Before commit 026cee0086fe1df4cf74691cf273062cc769617d
("params: <level>_initcall-like kernel parameters") the __setup
parameter parsing code could modify parameter in the
static_command_line buffer and such modifications were kept. After
that commit such modifications are destroyed during per-initcall level
parameter parsing because the same static_command_line buffer is used
and only parameters for appropriate initcall level are parsed.
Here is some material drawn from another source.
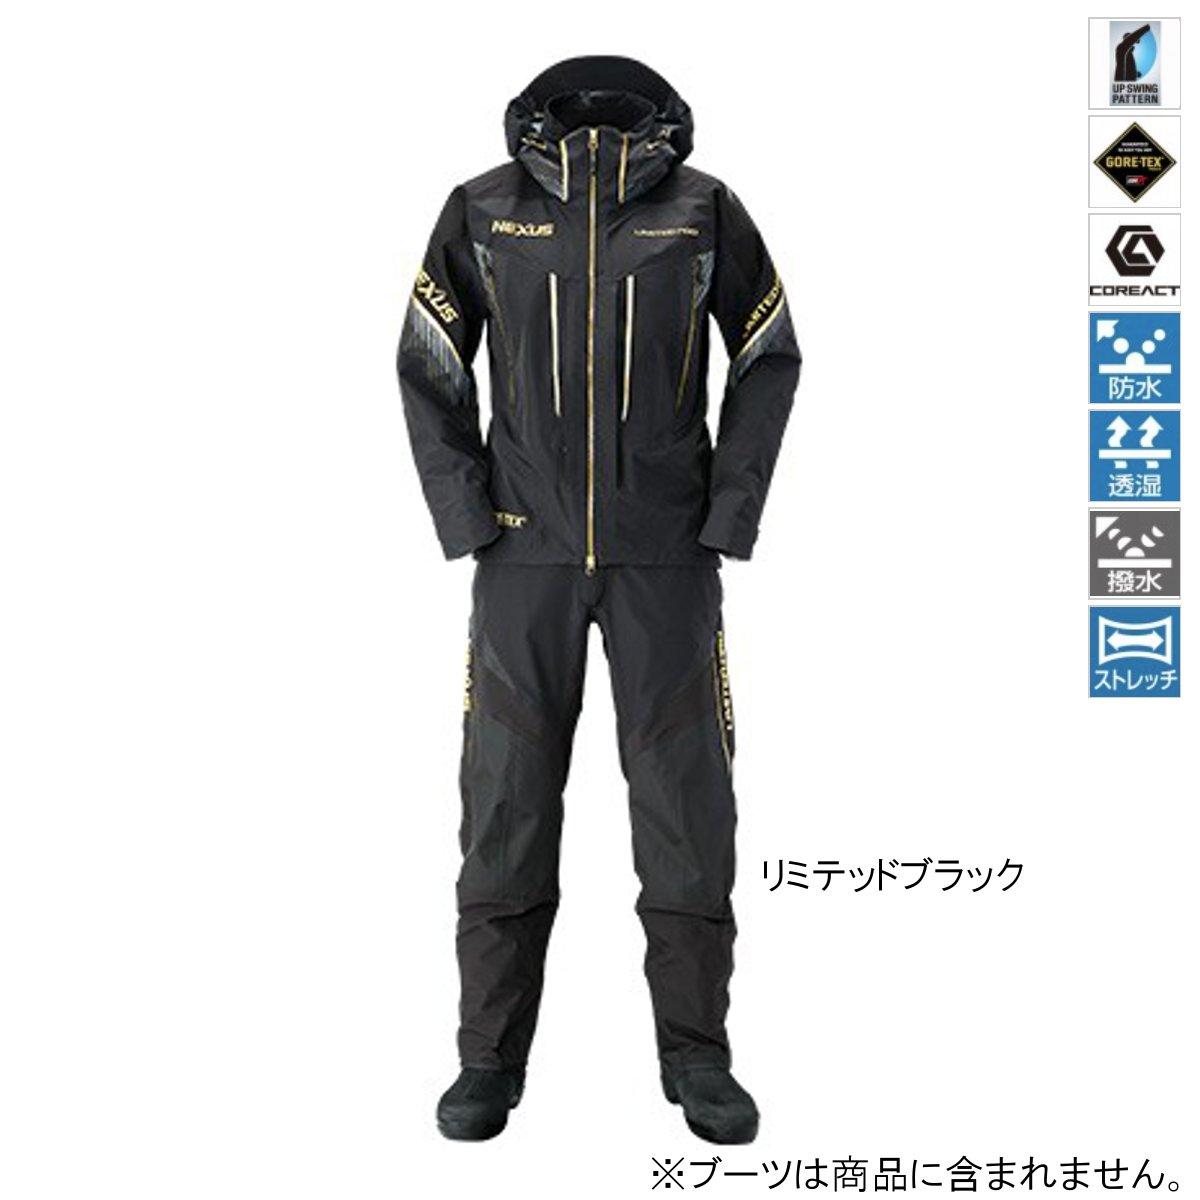 シマノ NEXUS・GORE-TEX レインスーツ LIMITED PRO RA-112S L リミテッドブラック【送料無料】

That change broke at least parsing "ubd" parameter in the ubd driver
when the COW file is used.

Now the separate buffer is used for per-initcall parameter parsing,
like in parsing early params.

Signed-off-by: Krzysztof Mazur <[email protected]>
---
Hi,

this patch fixes an old Linux 3.4 regression in ubd parameter parsing.
It was previously reported by the David Fern?ndez in the
"ubd option parsing problem when using cow filesystems in kernel 3.4"
thread on user-mode-linux-devel mailing list
(http://marc.info/?t=134009640700003&r=1&w=2).
The bug still exists in the Linux 3.12-rc4.

I've been using a different patch that changed the ubd driver. I just
copied the parsed filename to separate buffer, but I think it's better
to fix generic code.

Maybe the tmp_cmdline should be shared with the parse_early_param().

Regards,
Krzysiek

init/main.c | 5 +++--
1 file changed, 3 insertions(+), 2 deletions(-)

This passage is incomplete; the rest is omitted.